Less than a week later, the House Intelligence Committee’s Republican chair, Ohio’s Mike Turner, echoed the sentiment, conceding that some of his GOP colleagues are peddling rhetoric that’s “directly coming from Russia.” Soon after, former Defense Secretary William Cohen, a longtime GOP lawmaker, said he believes many congressional Republicans are now working as “the arm of Vladimir Putin.”

If these rebukes were designed to discourage GOP officials from making the kind of public comments the Kremlin wants to hear, they don’t appear to be having their intended effect.

On Friday, for example, Rep. Marjorie Taylor Greene appeared on Steve Bannon’s podcast and continued to peddle the same rhetoric she’s pushed since Russia invaded Ukraine more than two years ago. “Vladimir Putin has not said he wants to go march across Europe and take Europe,” the Georgia Republican said, as if the Russian autocrat is a credible source of information.

The same day, The New York Times published an op-ed from Republican Sen. J.D. Vance of Ohio — a persistent opponent of U.S. support for Ukraine, and a man who has professed his total indifference to Ukraine’s future — which argued that a Russian victory is inevitable.

President Biden wants the world to believe that the biggest obstacle facing Ukraine is Republicans and our lack of commitment to the global community. This is wrong. Ukraine’s challenge is not the G.O.P.; it’s math. Ukraine needs more soldiers than it can field, even with draconian conscription policies. And it needs more matériel than the United States can provide. This reality must inform any future Ukraine policy, from further congressional aid to the diplomatic course set by the president.

The reality is far more complex. Indeed, just hours after the Ohioan’s op-ed reached the public, Senate Intelligence Committee Chairman Mark Warner published a notable item to social media, noting just how much damage Ukraine did over the course of the first two years of the conflict to Russia’s military capabilities.

Whether the Virginia Democrat was directing his message to his GOP colleague was unclear, but the missive nevertheless countered Vance’s case for defeatism.
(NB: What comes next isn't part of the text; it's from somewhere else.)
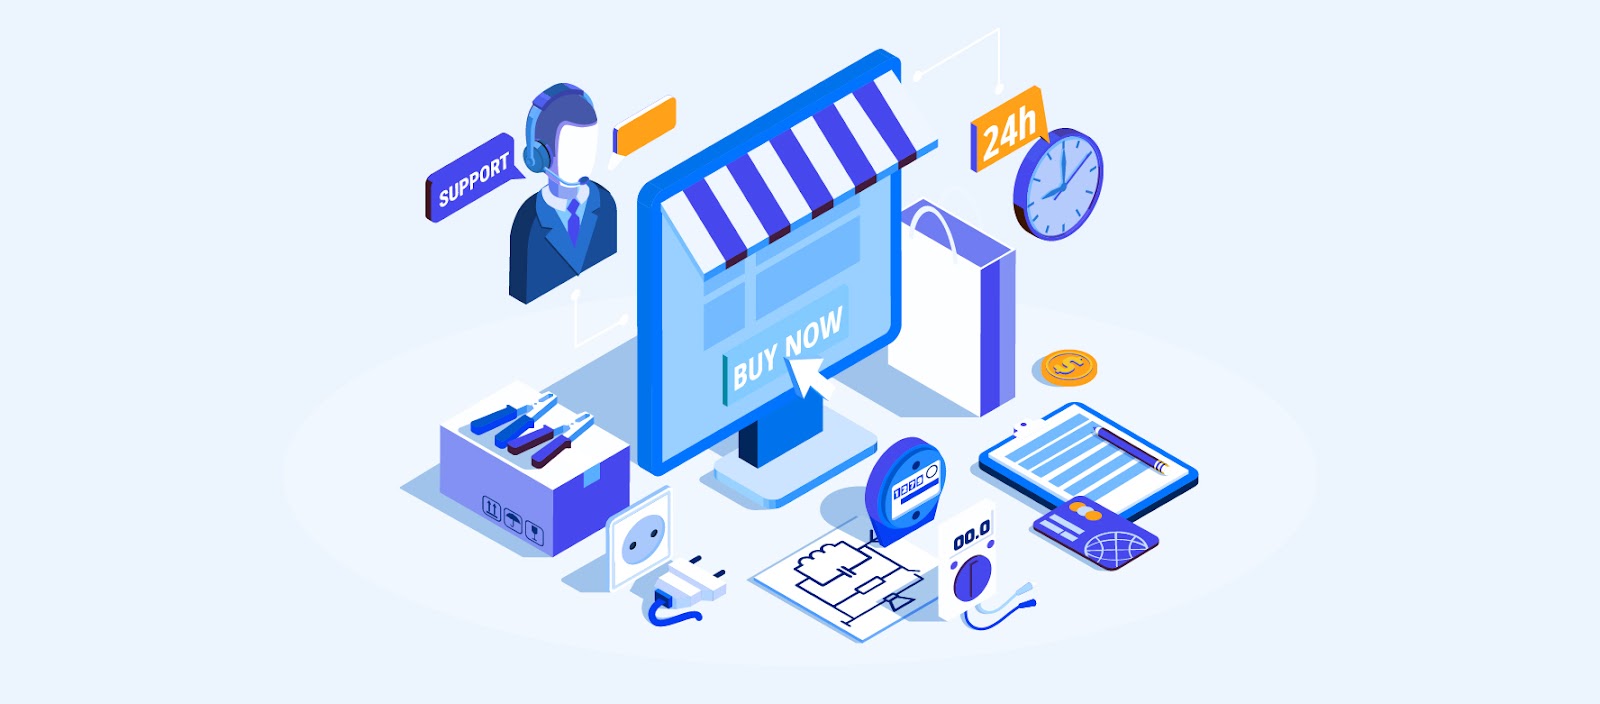 ecommerce business process

The idea that Russia is simply too strong and dominant to lose, so the West should simply allow Putin to take part of eastern Europe by force, is belied by recent evidence.

The Senate Republican nevertheless kept going down the same path, sitting down with CNN’s Jake Tapper yesterday and arguing that the United States should encourage Ukraine to “take a defensive posture,” instead of launching counteroffensives against their Russian invaders.

It fell to the host to remind his guest, “The counteroffensive is within Ukraine, though. They’re not seeking land from Russia.”

It’s likely that officials in Moscow were pleased with Vance’s latest rhetorical push, but Americans should be far less impressed.